A packet whose length is greater than the PMTU estimate.
A protocol that relies on IP source fragmentation and
downstream fragmentation does not require access to the PMTU estimate.
For these protocols, the underlying IP module:
Fragments all packets whose length exceeds the MTU of the first
link along the path to the destination.
Sets the DF-bit to zero, so that downstream nodes can fragment
the packet.
The key words "MUST", "MUST NOT", "REQUIRED", "SHALL", "SHALL NOT",
"SHOULD", "SHOULD NOT", "RECOMMENDED", "NOT RECOMMENDED", "MAY", and
"OPTIONAL" in this document are to be interpreted as described in BCP 14 when, and only
when, they appear in all capitals, as shown here.
This section explains how IP fragmentation reduces the reliability of
Internet communication.
Many middle boxes require access to the transport-layer header.
However, when a packet is divided into fragments, the transport-layer
header appears in the first fragment only. It does not appear in
subsequent fragments. This omission can prevent middle boxes from
delivering their intended services.
For example, assume that a router diverts selected packets from
their normal path towards network appliances that support deep packet
inspection and lawful intercept. The router selects packets for
diversion based upon the following 5-tuple:
IP Source Address.
IP Destination Address.
IPv4 Protocol or IPv6 Next Header.
transport-layer source port.
transport-layer destination port.
IP fragmentation causes this selection algorithm to behave
suboptimally, because the transport-layer header appears only in the
first fragment of each packet.
In another example, a middle box remarks a packet's Differentiated Services Code Point based upon
the above mentioned 5-tuple. IP fragmentation causes this process to
behave suboptimally, because the transport-layer header appears only
in the first fragment of each packet.
In all of the above-mentioned examples, the middle box cannot
deliver its intended service without reassembling fragmented
packets.
IP fragments cause problems for firewalls whose filter rules
include decision making based on TCP and UDP ports. As the port
information is not in the trailing fragments the firewall may elect to
accept all trailing fragments, which may admit certain classes of
attack, or may elect to block all trailing fragments, which may block
otherwise legitimate traffic, or may elect to reassemble all
fragmented packets, which may be inefficient and negatively affect
performance.
Many stateless load-balancers require access to the transport-layer
header. Assume that a load-balancer distributes flows among parallel
links. In order to optimize load balancing, the load-balancer sends
every packet or packet fragment belonging to a flow through the same
link.
In order to assign a packet or packet fragment to a link, the
load-balancer executes an algorithm. If the packet or packet fragment
contains a transport-layer header, the load balancing algorithm
accepts the following 5-tuple as input:
IP Source Address.
IP Destination Address.
IPv4 Protocol or IPv6 Next Header.
transport-layer source port.
transport-layer destination port.
However, if the packet or packet fragment does not contain a
transport-layer header, the load balancing algorithm accepts only the
following 3-tuple as input:
IP Source Address.
IP Destination Address.
IPv4 Protocol or IPv6 Next Header.
Therefore, non-fragmented packets belonging to a flow can be
assigned to one link while fragmented packets belonging to the same
flow can be divided between that link and another. This can cause
suboptimal load balancing.
Security researchers have documented several attacks that rely on
IP fragmentation. The following are examples:
Overlapping fragment attack
Incomplete data attack (also known as the Rose Attack)

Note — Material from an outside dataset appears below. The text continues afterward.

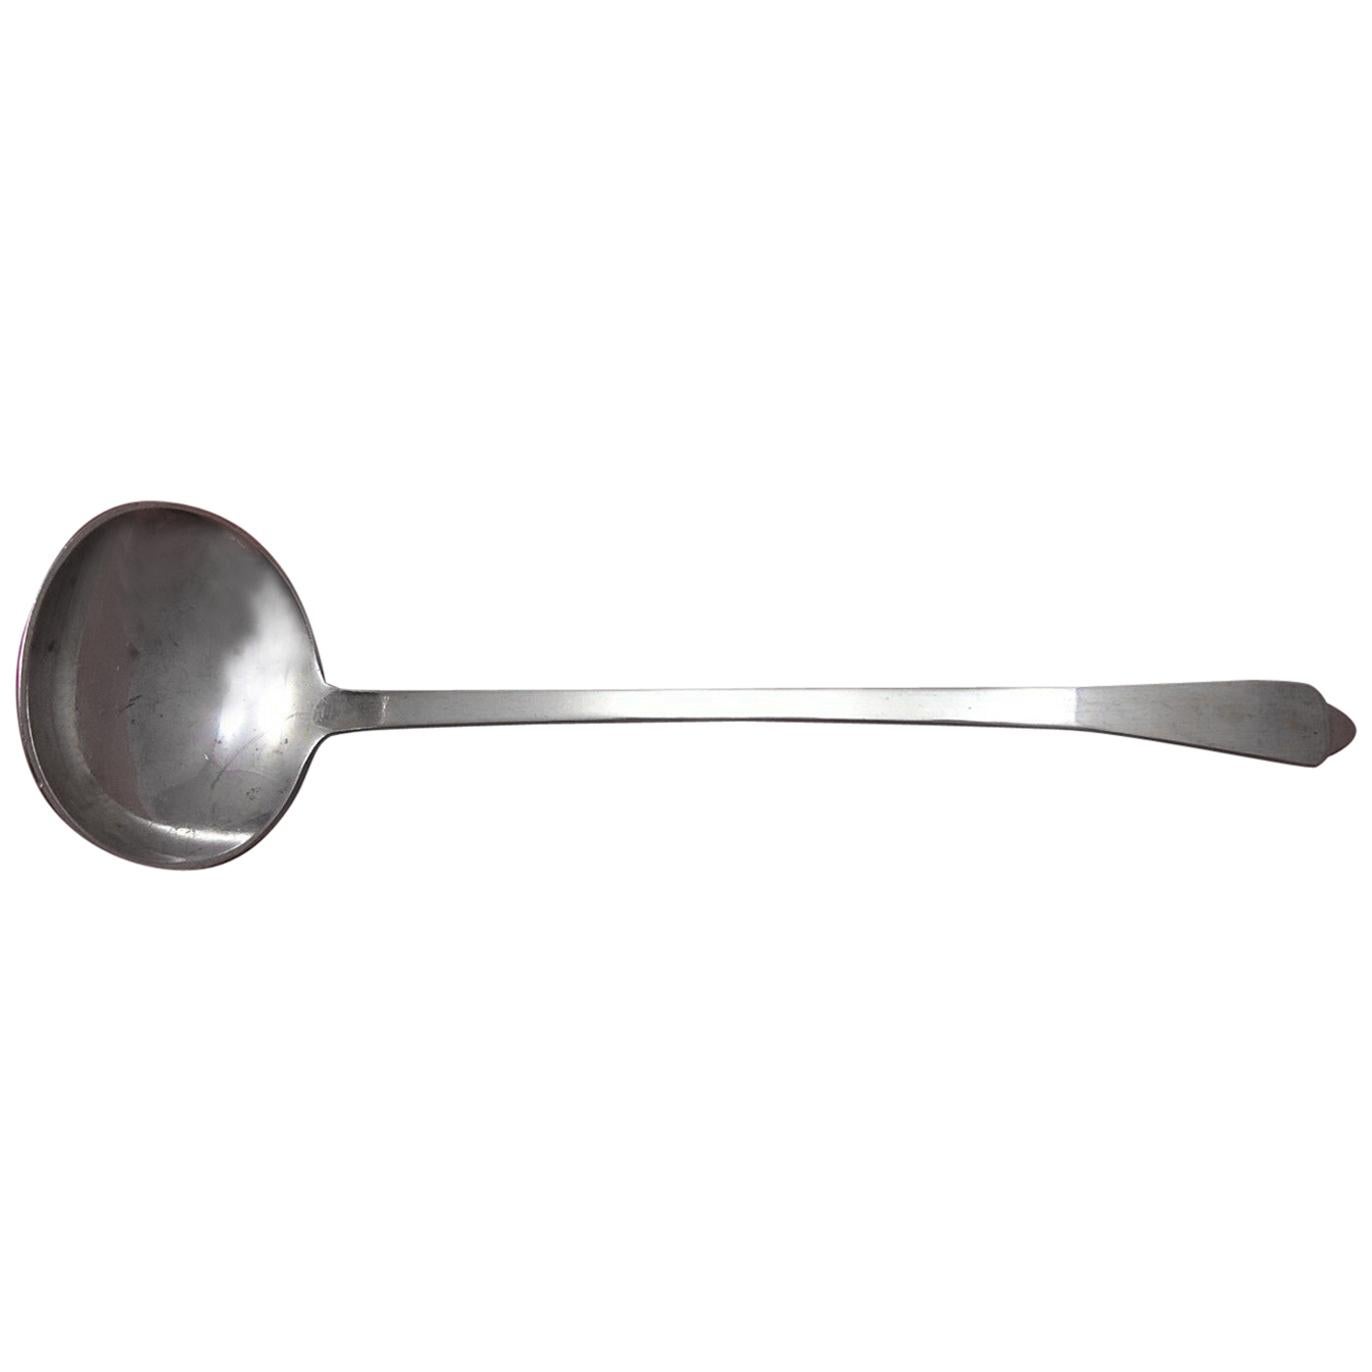 Clinton by Tiffany & Co. Sterling Silver Sauce Ladle

In the overlapping fragment attack, an attacker constructs a
series of packet fragments. The first fragment contains an IP header,
a transport-layer header, and some transport-layer payload. This
fragment complies with local security policy and is allowed to pass
through a stateless firewall. A second fragment, having a non-zero
offset, overlaps with the first fragment. The second fragment also
passes through the stateless firewall. When the packet is reassembled,
the transport layer header from the first fragment is overwritten by
data from the second fragment. The reassembled packet does not comply
with local security policy. Had it traversed the firewall in one
piece, the firewall would have rejected it.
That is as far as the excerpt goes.